By July 1997, evidence of heart-valve problems was growing. A Mayo Clinic study on the subject, set for publication late in August, was instead released by Mayo at a July 8 news briefing.

American Home heard about the plan for an accelerated release. In an internal memo dated July 1 and headed "URGENT URGENT URGENT URGENT," marketing employee Gerald V. Burr warned officials that the Mayo report might leak before the news conference and provided a "standby statement" for responding to inquiries.

"Well, does it say anywhere under the four urgents here that there's one iota of concern for the people who have the heart-valve problems?" Kip Petroff, an attorney for Ms. Lovett in Texas, asked Carrie Smith-Cox, formerly vice president for women's health at Wyeth-Ayerst, during a video deposition played during the trial.

"This memo does not refer to that," Ms. Smith-Cox replied. "However, that would also not have been within the responsibilities of the people charged with writing the standby statement to look at the overall plan." American Home says Mr. Burr's memo was "simply a heads-up" to prepare for questions from the media.

Meanwhile, although Redux had been approved without a black-box warning, documents and testimony from a former FDA official show that the idea of a black-box warning for the newly discovered heart-valve problem was under discussion at the agency in July 1997. American Home initially argued against it, and in succeeding weeks, relations with the agency grew tense. In a Sept. 5 internal FDA memo introduced at the Texas trial, FDA scientist David J. Graham wrote that he and colleague Lanh Green had "have become concerned about the diligence of Wyeth-Ayerst in pursuing leads and obtaining and reporting full clinical details of cases to FDA."

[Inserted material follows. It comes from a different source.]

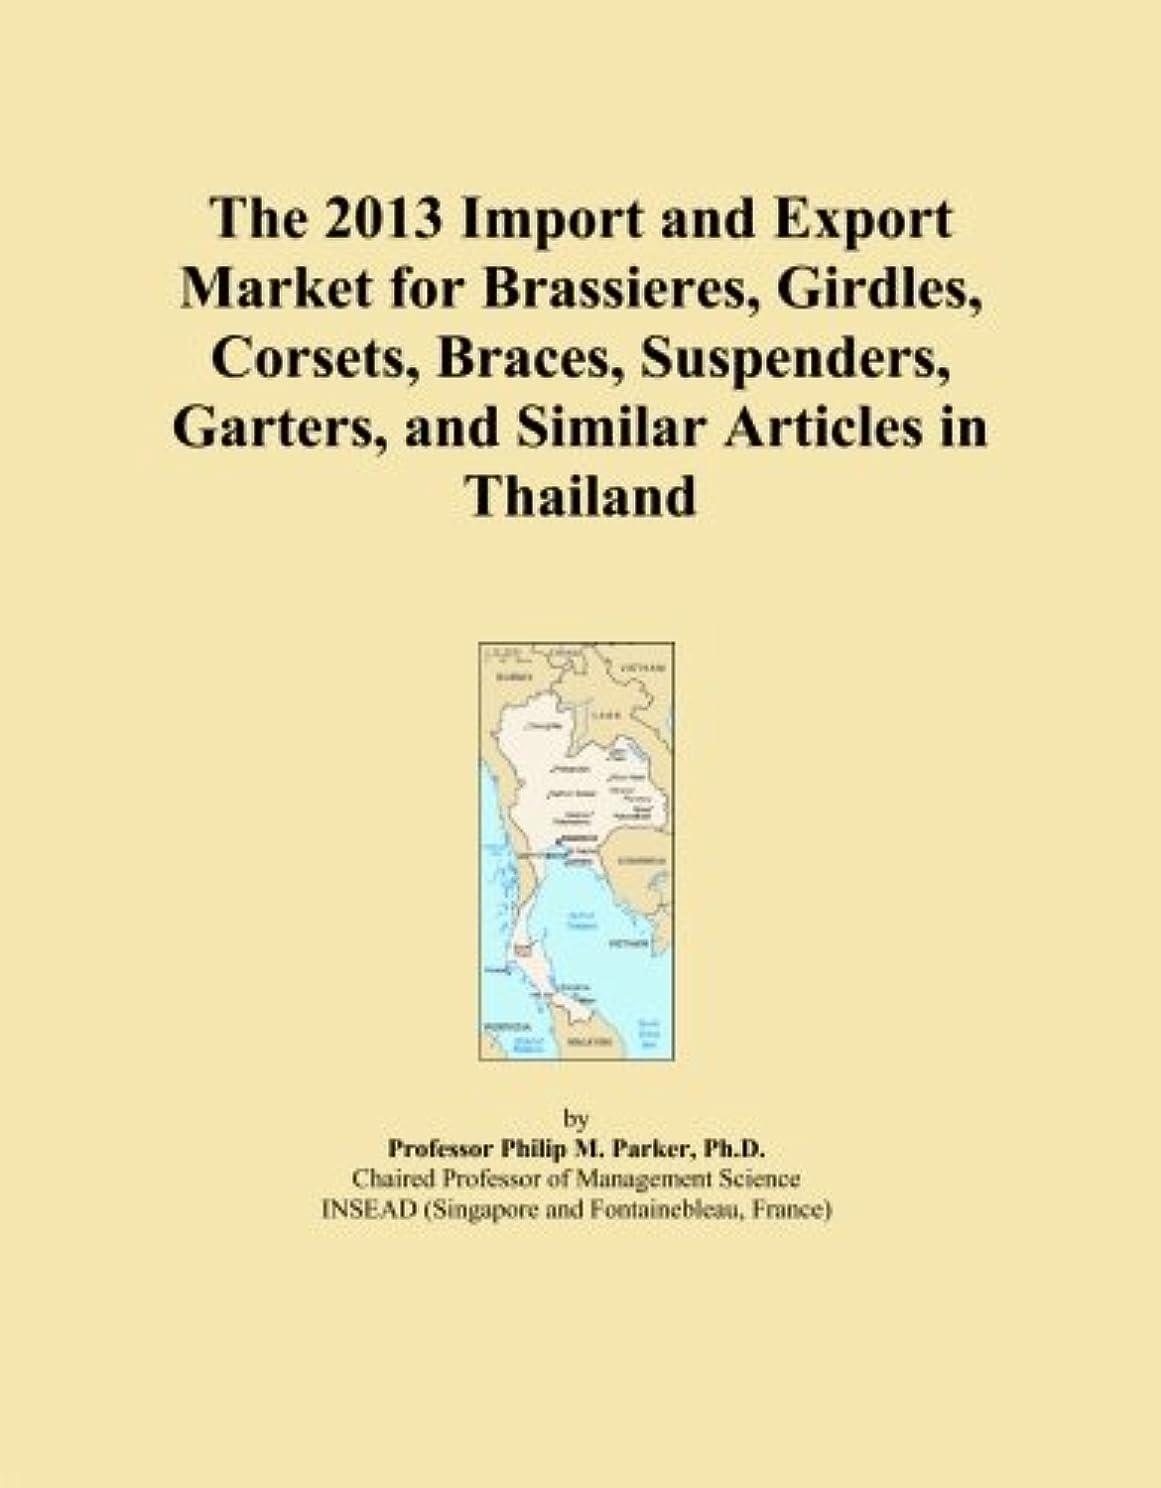 汚染する日焼け踏み台The 2013 Import and Export Market for Brassieres, Girdles, Corsets, Braces, Suspenders, Garters, and Similar Articles in Thailand

American Home says it never heard such criticism from the FDA. It also says the scientific evidence at the time didn't warrant a black-box warning because the heart-valve incidents were "anecdotal case reports" that needed evaluation.

About a week later, according to testimony, the FDA asked American Home officials to come to agency headquarters. At the meeting, the FDA says, it asked the officials to recall the drugs. American Home says that it would have withdrawn the drugs from the market even if the FDA hadn't asked it to.

-- Richard B. Schmitt contributed to this artcle.